> Record excerpts:
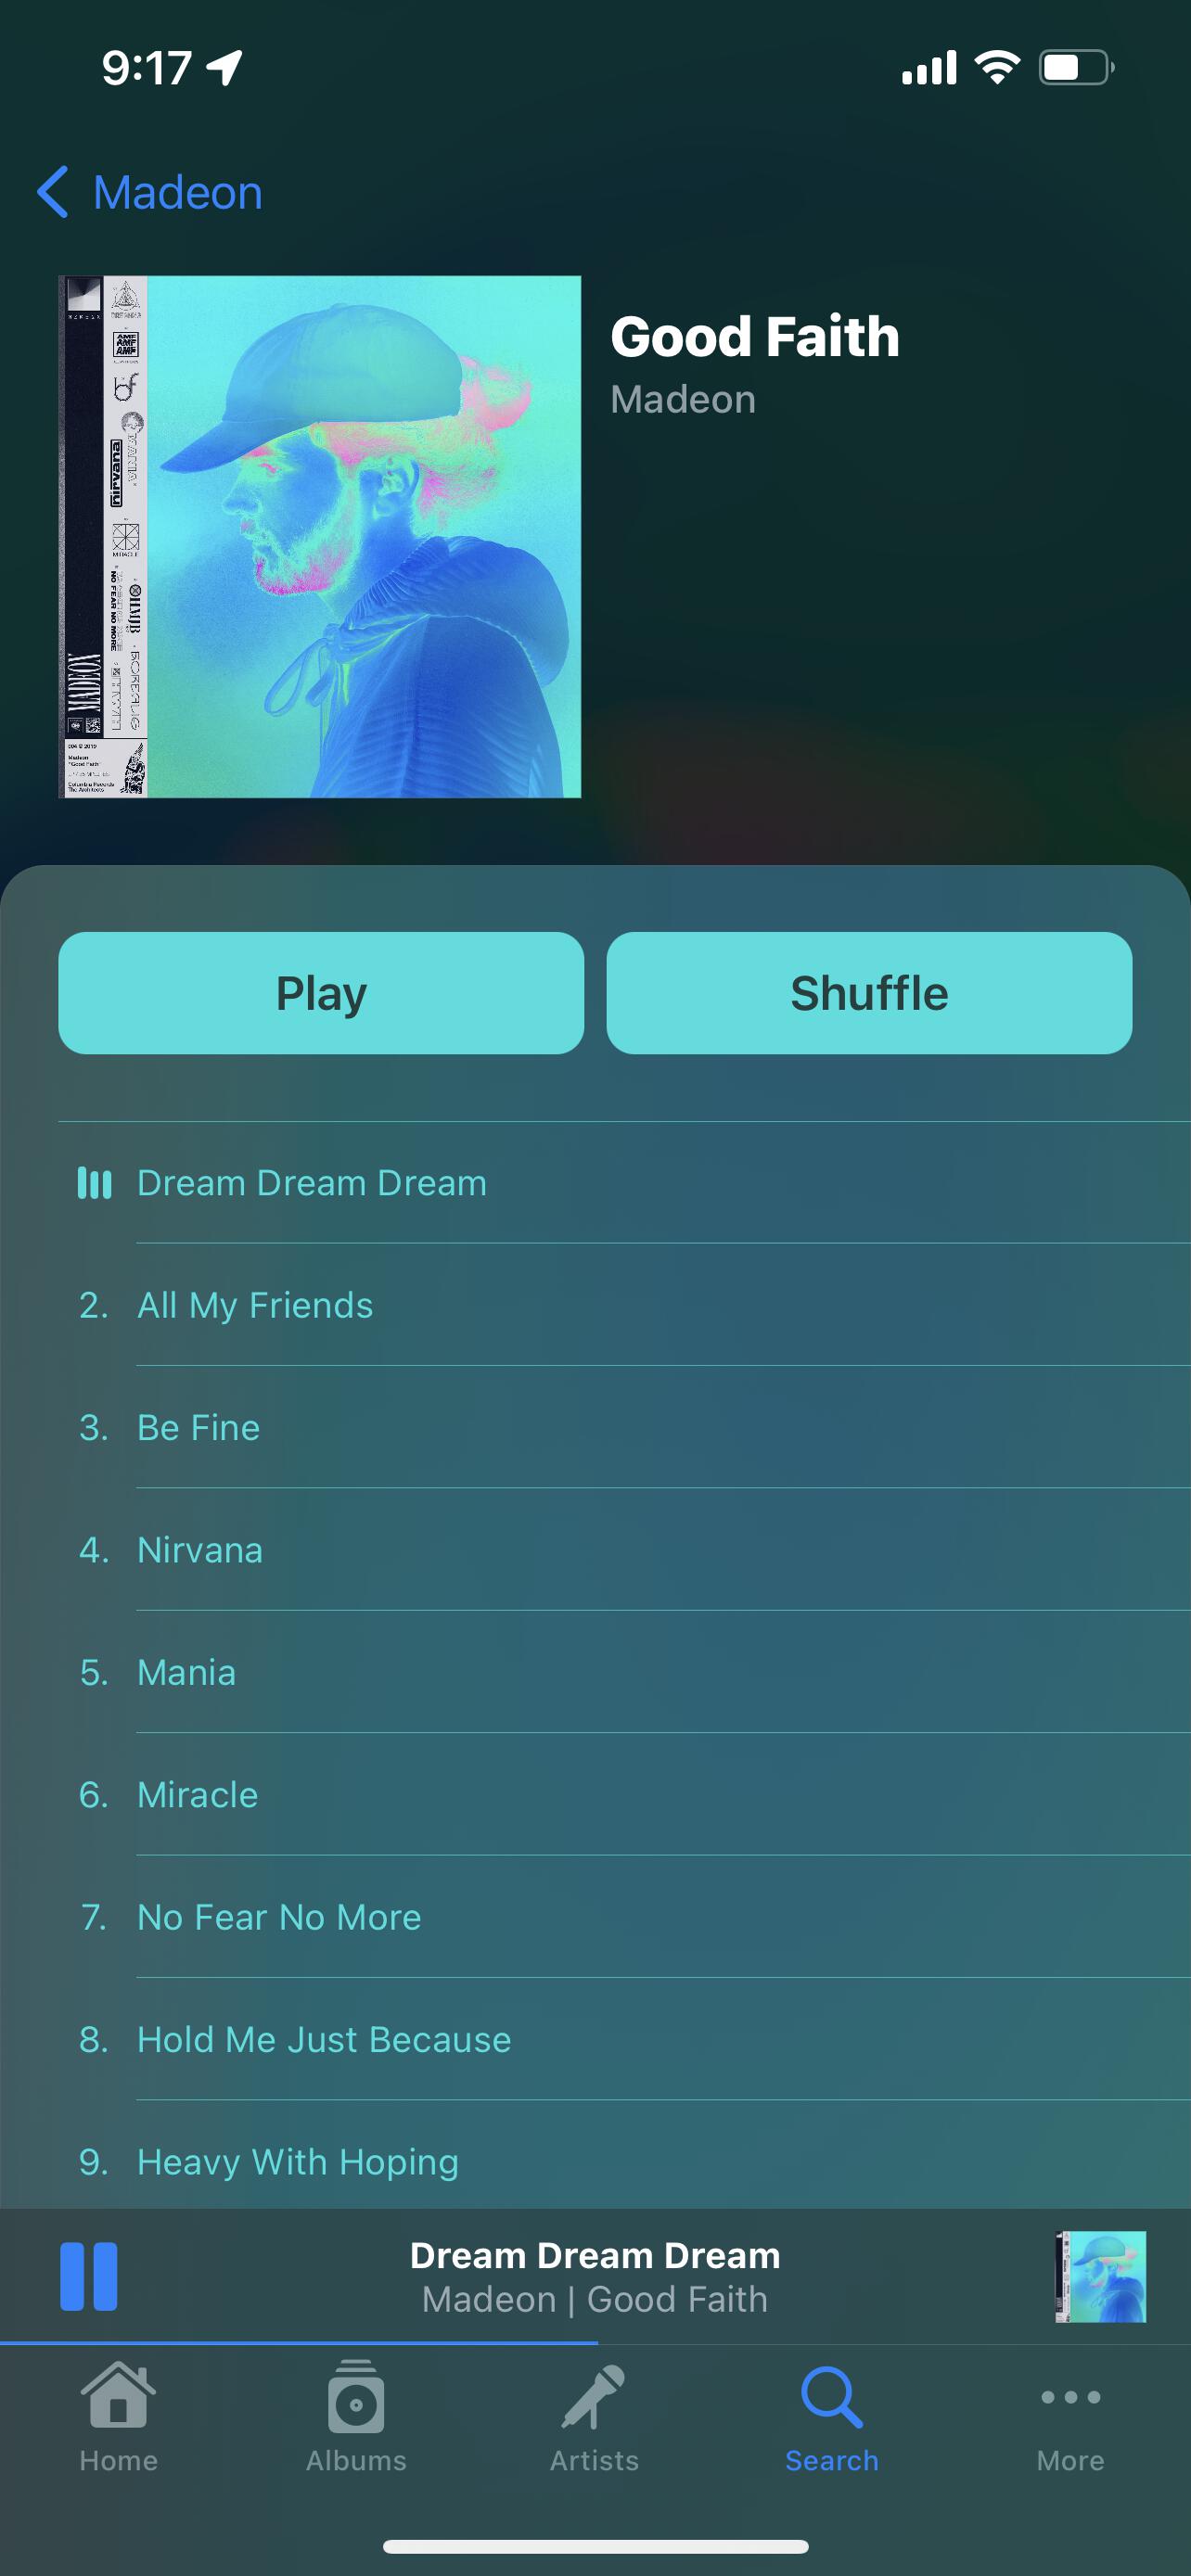 Image of the album view in dark mode with a predominantly blue record
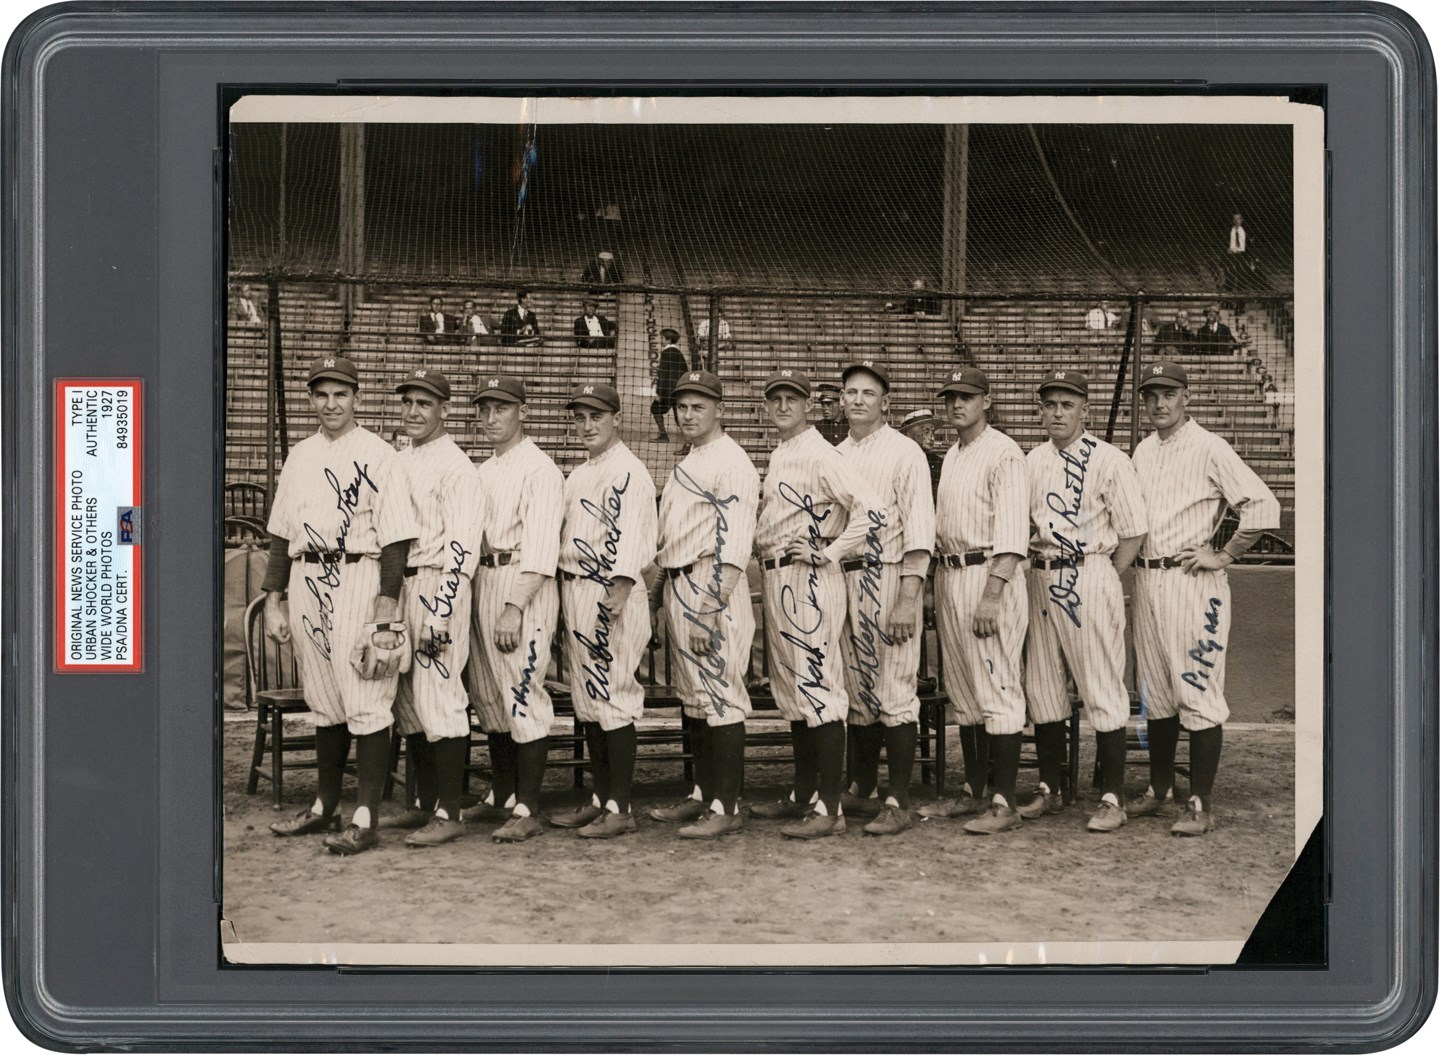 1927 New York Yankees Pitching Staff Signed Photograph with Shocker and Giard (PSA Type I with Authentic Signatures)
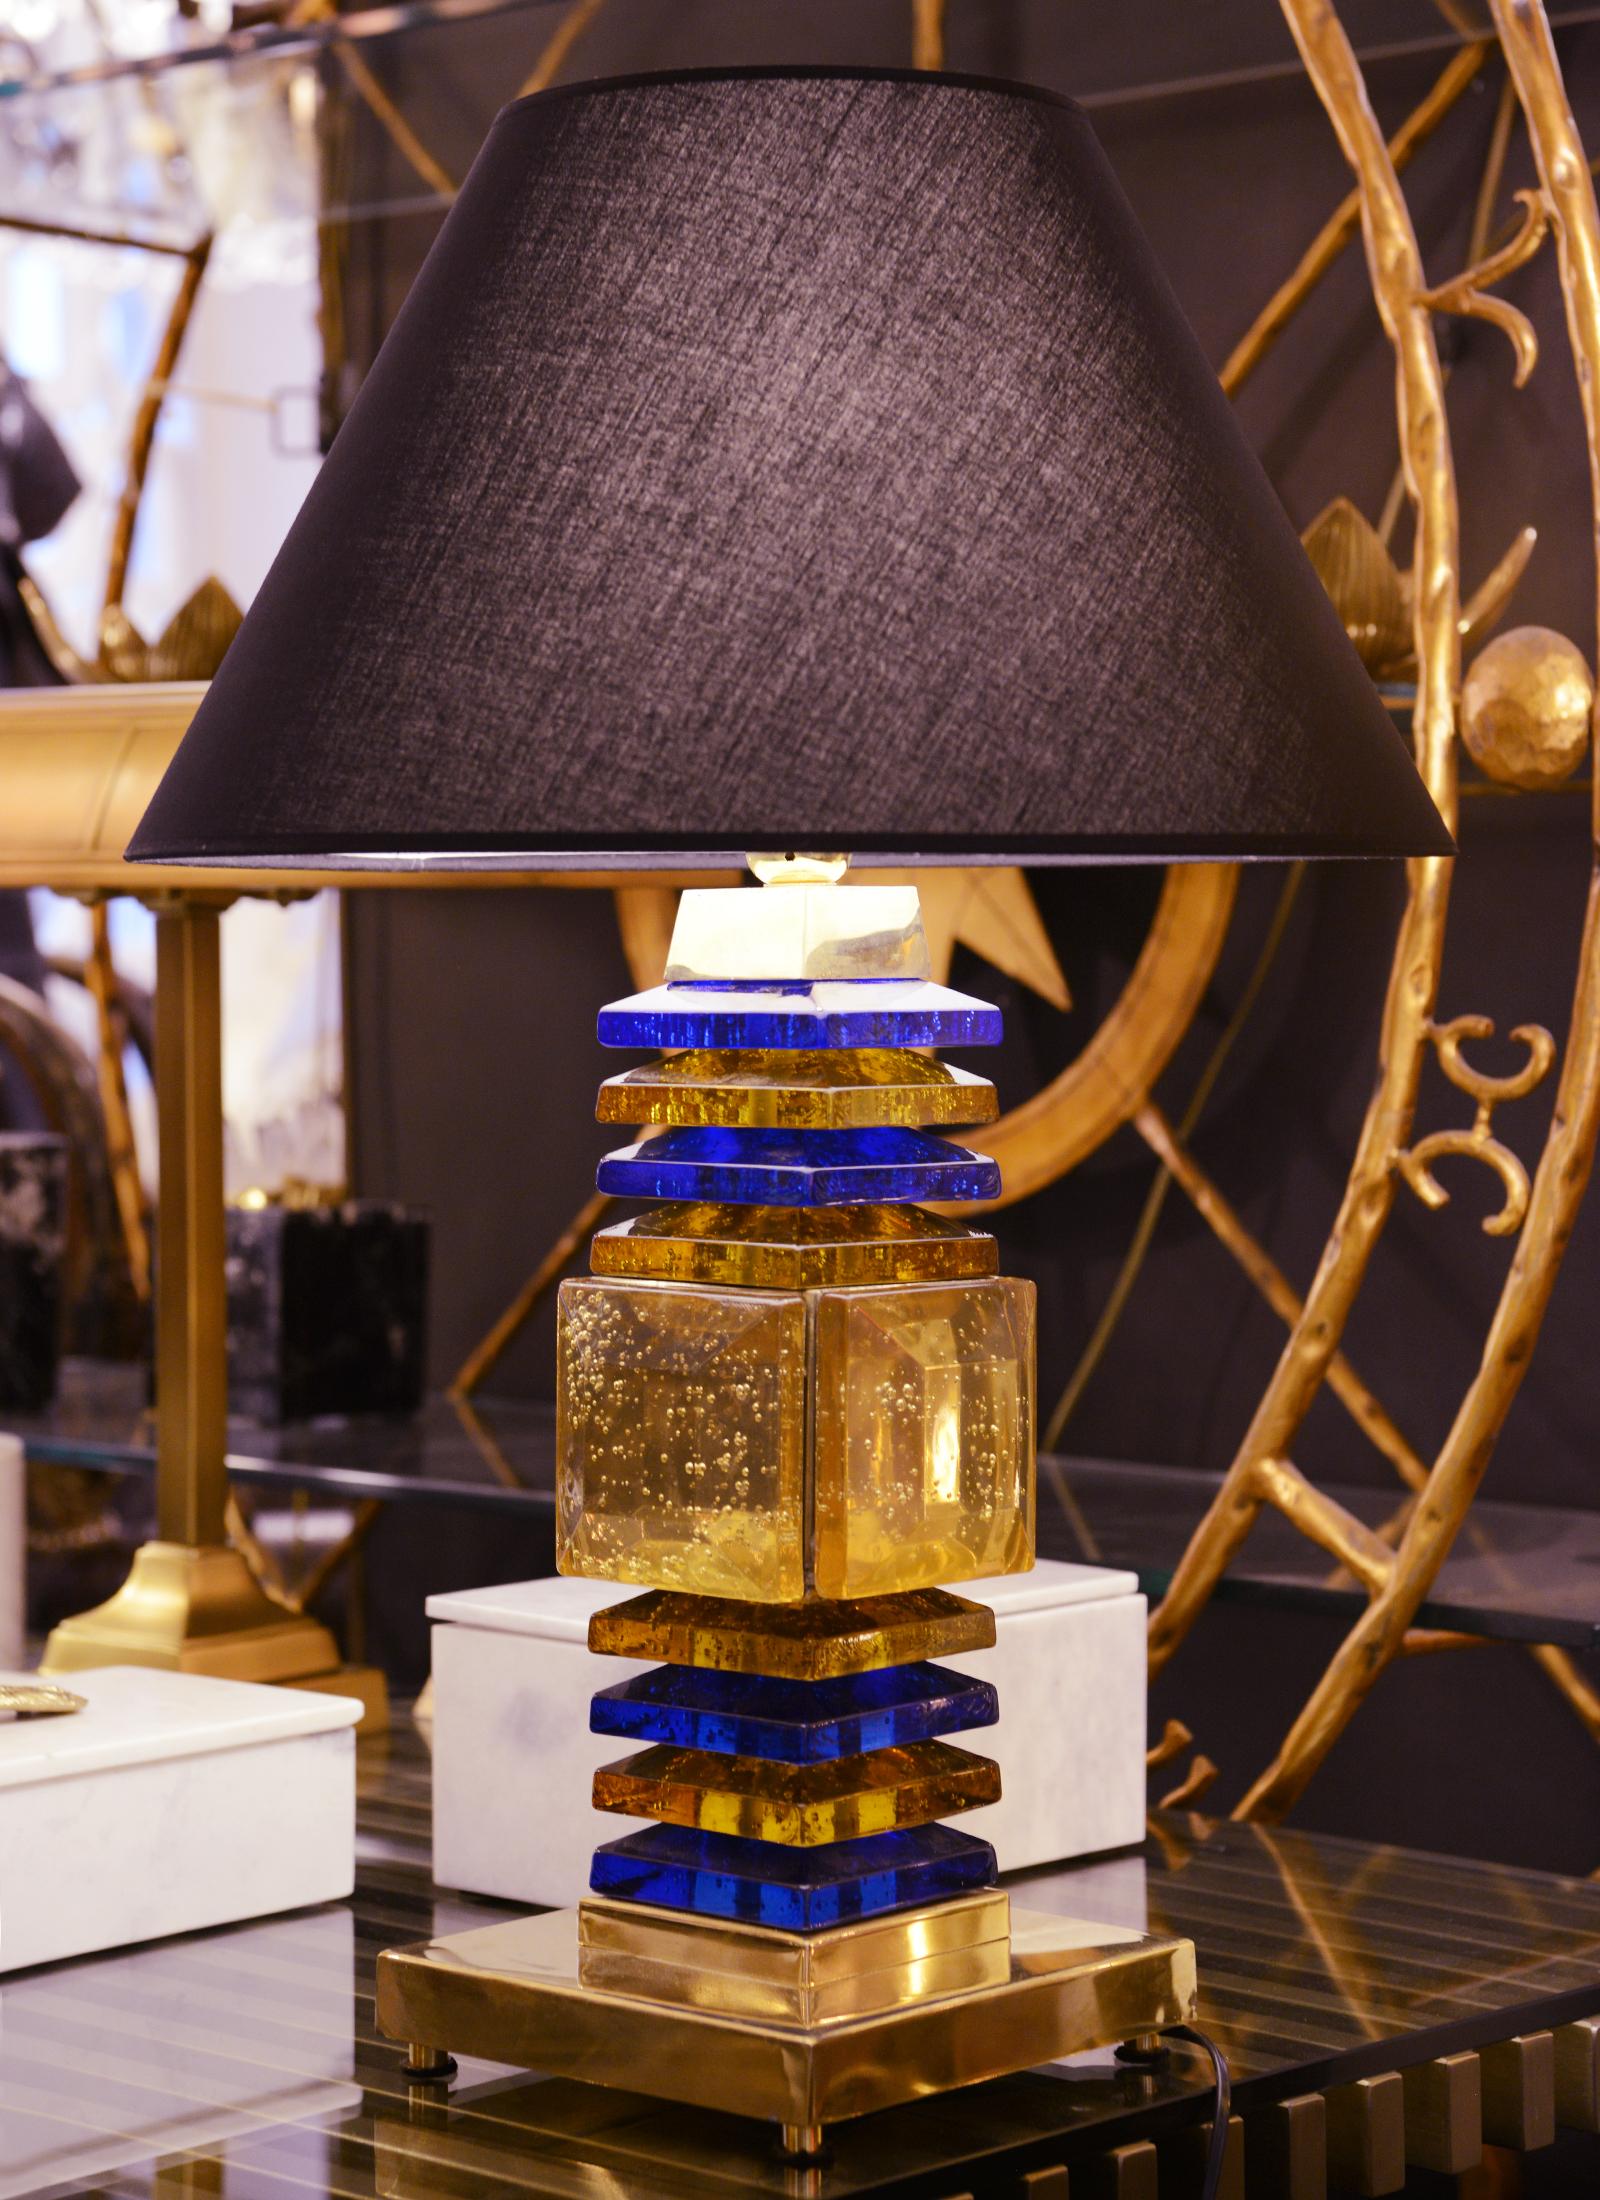 Table Lamp Gold'n Blue Murano Set of 2 with polished
brushed brass base table lamp ornamented with murano
glass in blue and gold finish.
With black lamp shade included: Diameter 45cm.
Table lamp base: L20xD20cm
Table lamp body:

> Aim of the task: Beginning with the line that contains "glass in blue and gold finish.", repeat every line through the end of the records and nothing more.

> Response area:
glass in blue and gold finish.
With black lamp shade included: Diameter 45cm.
Table lamp base: L20xD20cm
Table lamp body:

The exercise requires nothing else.